WHAT IS NEEDED:
Could you write out the lines below exactly, beginning with the first and finishing with the one that contains "Bovada Poker App"?

--- DATA TO USE Enclosed Below ---

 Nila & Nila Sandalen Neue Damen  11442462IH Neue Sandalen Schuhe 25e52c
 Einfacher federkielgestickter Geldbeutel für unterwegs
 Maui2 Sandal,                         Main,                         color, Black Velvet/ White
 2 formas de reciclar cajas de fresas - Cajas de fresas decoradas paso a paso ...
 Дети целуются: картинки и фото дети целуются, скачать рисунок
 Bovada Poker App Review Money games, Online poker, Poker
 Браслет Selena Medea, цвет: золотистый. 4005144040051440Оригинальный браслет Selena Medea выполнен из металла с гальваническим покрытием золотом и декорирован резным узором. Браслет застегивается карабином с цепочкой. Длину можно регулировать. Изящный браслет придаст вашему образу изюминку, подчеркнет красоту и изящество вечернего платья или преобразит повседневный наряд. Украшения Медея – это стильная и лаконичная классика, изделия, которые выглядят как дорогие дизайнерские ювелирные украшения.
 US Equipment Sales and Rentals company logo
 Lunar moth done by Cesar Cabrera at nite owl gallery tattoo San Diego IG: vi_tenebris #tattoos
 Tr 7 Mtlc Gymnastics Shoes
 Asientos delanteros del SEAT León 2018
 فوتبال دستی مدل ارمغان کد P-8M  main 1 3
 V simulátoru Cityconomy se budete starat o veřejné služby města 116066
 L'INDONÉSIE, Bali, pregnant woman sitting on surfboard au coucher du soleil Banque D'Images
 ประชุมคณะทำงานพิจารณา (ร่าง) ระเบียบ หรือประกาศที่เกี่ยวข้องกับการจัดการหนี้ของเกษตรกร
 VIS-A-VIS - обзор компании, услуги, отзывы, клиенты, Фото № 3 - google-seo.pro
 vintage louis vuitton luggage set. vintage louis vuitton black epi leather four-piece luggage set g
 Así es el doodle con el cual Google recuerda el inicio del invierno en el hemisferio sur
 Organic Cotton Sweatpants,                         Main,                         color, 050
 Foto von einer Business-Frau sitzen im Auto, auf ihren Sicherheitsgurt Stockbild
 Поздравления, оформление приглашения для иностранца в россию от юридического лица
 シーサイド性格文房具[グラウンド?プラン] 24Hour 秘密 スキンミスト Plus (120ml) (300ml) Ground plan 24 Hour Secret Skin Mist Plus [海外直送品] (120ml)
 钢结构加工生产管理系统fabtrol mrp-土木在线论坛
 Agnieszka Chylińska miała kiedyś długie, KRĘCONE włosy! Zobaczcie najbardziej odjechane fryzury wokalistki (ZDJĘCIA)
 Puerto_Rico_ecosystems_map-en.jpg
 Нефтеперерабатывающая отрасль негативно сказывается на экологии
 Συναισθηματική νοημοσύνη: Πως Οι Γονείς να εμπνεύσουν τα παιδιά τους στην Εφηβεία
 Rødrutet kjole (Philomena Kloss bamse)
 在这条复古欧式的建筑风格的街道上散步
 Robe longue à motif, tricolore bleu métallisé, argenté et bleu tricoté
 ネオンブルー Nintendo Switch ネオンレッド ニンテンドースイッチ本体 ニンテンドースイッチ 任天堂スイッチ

--- End of Enclosed DATA TO USE ---

RESULT:
 Nila & Nila Sandalen Neue Damen  11442462IH Neue Sandalen Schuhe 25e52c
 Einfacher federkielgestickter Geldbeutel für unterwegs
 Maui2 Sandal,                         Main,                         color, Black Velvet/ White
 2 formas de reciclar cajas de fresas - Cajas de fresas decoradas paso a paso ...
 Дети целуются: картинки и фото дети целуются, скачать рисунок
 Bovada Poker App Review Money games, Online poker, Poker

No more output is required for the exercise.